Threat actors send out phishing emails in an attempt to convince their targets into clicking on malicious links.
Almost all the messages guided the potential victims to credential-collecting websites posing as services from a banking organization and tech company Microsoft. Fortunately, just a few phishing emails had malware attachments.
How Did the Chipotle Phishing Attack Happen?
During the phishing operation, more than 120 malicious emails were sent from a hacked Mailgun account that the American business used for email marketing purposes [mail.chipotle.com].
It is important to know that utilizing an authentic email address increases the chances of a successful attack especially when there are automated protection solutions in place that verify if email addresses pass the DomainKeys Identified Mail (DKIM) and Sender Policy Framework authentication methods.

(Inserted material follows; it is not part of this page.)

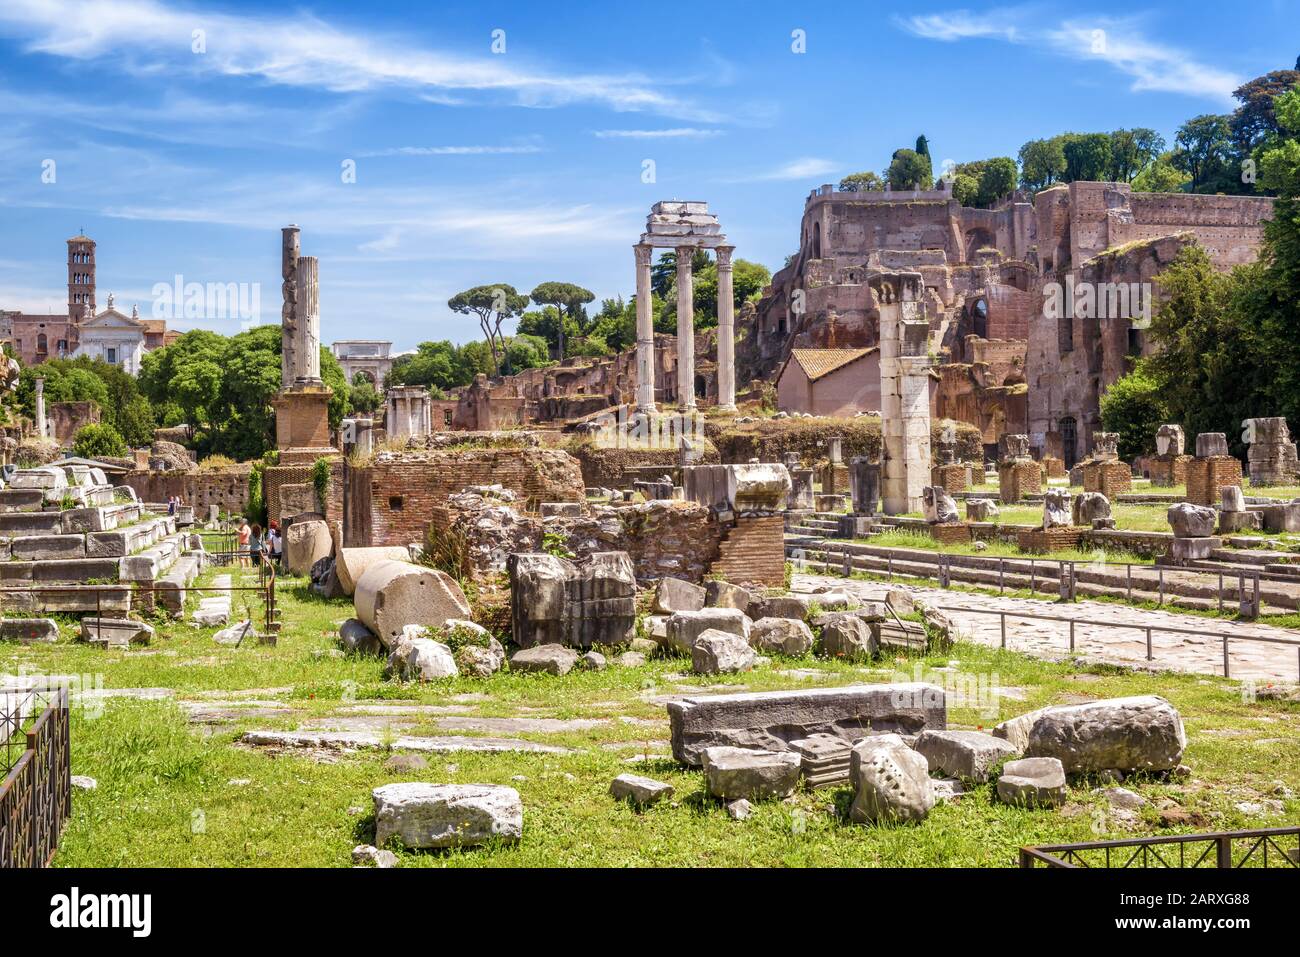 Blick auf das Forum Romanum im Sommer, Rom, Italien. Es ist eine der beliebtesten Touristenattraktionen Roms. Landschaftlich schöner Blick auf die alten Ruinen Roms. Berühmte Überreste von Stockfoto
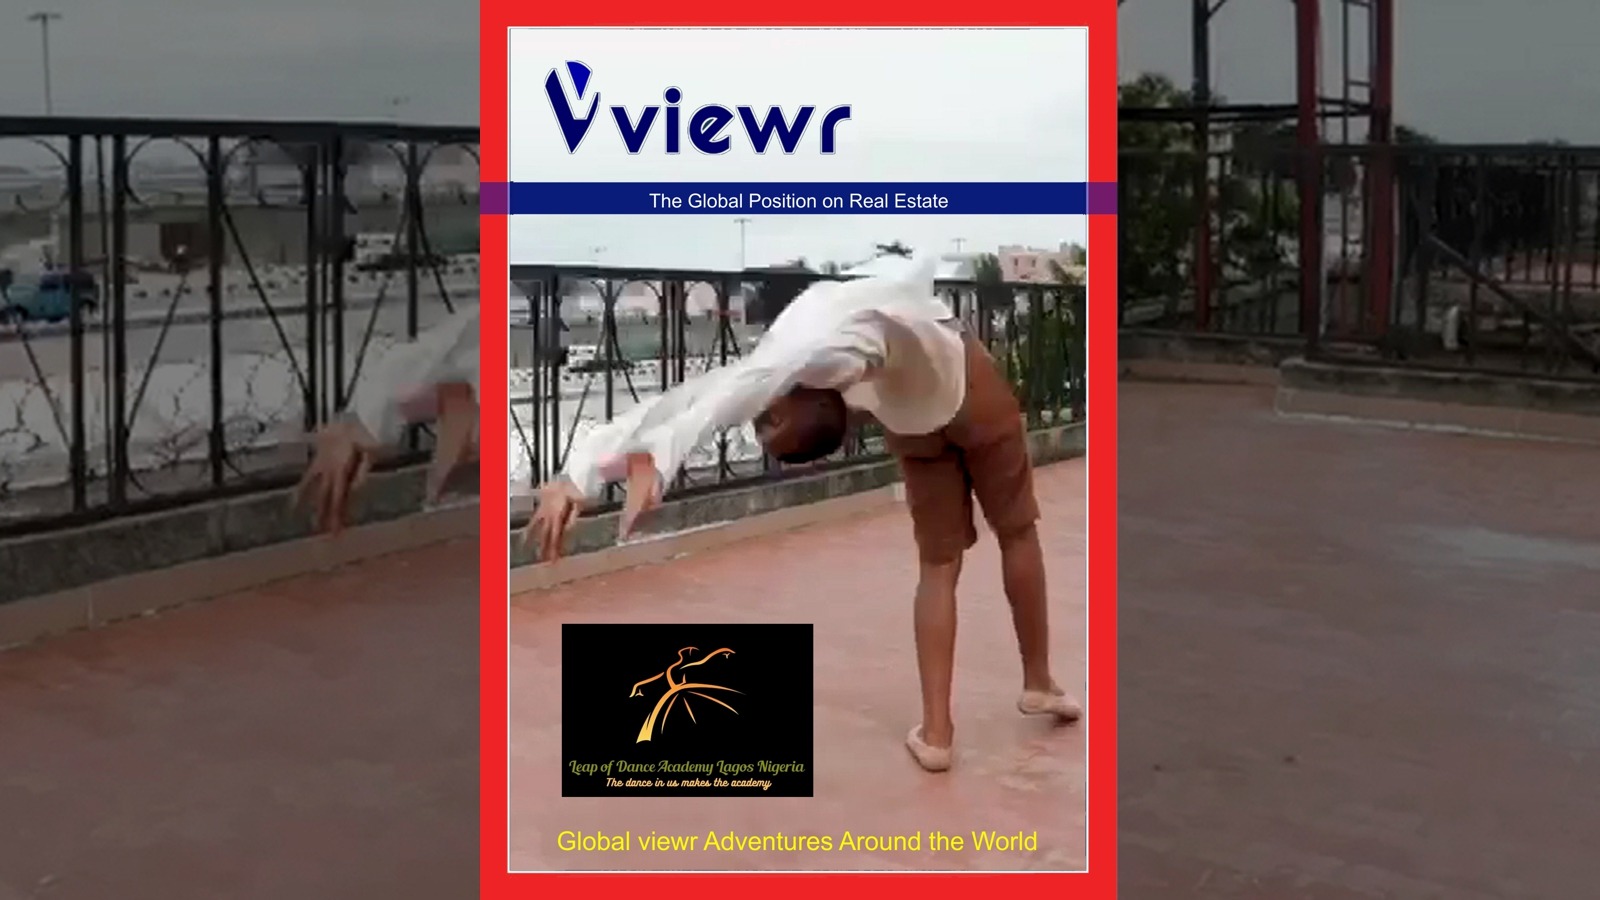 Anthony Mmesoma Madu Leap of Dance on Global viewr Magazine

Most of the messages pretended to be from Microsoft having the intention to harvest login information from the recipients. In a blog post, email security company Inky stated that they detected 105 such emails in this three-day-long phishing operation.
Almost everyone has a Microsoft account, and logins there can lead to all kinds of interesting data, including other logins, trade secrets, financial details, and other intelligence.
According to BleepingComputer, the emails seemed to come from “Microsoft 365 Message center” and notified the victim of emails that could not be sent “due to low email storage” in the cloud.
So when the user clicks on the button that supposedly “release messages to inbox” he is immediately redirected to a false Microsoft login page that collects the confidential data.
The attackers also posed as the United Services Automobile Association (USAA), a San Antonio-based Fortune 500 diversified financial services group of companies that provides banking, investing, and insurance to people and families who serve or served, in the United States Armed Forces.
While the email security firm didn’t reveal what kind of threat was delivered, business email compromise (BEC) fraudsters frequently use phishing to deliver information stealers to harvest data that can be used for the social engineering part of the scam.
Hacking an email marketing platform for phishing attacks has been described earlier this year as Microsoft revealed it has discovered a wide-scale malicious email campaign operated by Nobelium, the group responsible for the SolarWinds attacks.
The researchers at Inky declared that nothing shows the latest phishing operation was conducted by the same threat actors.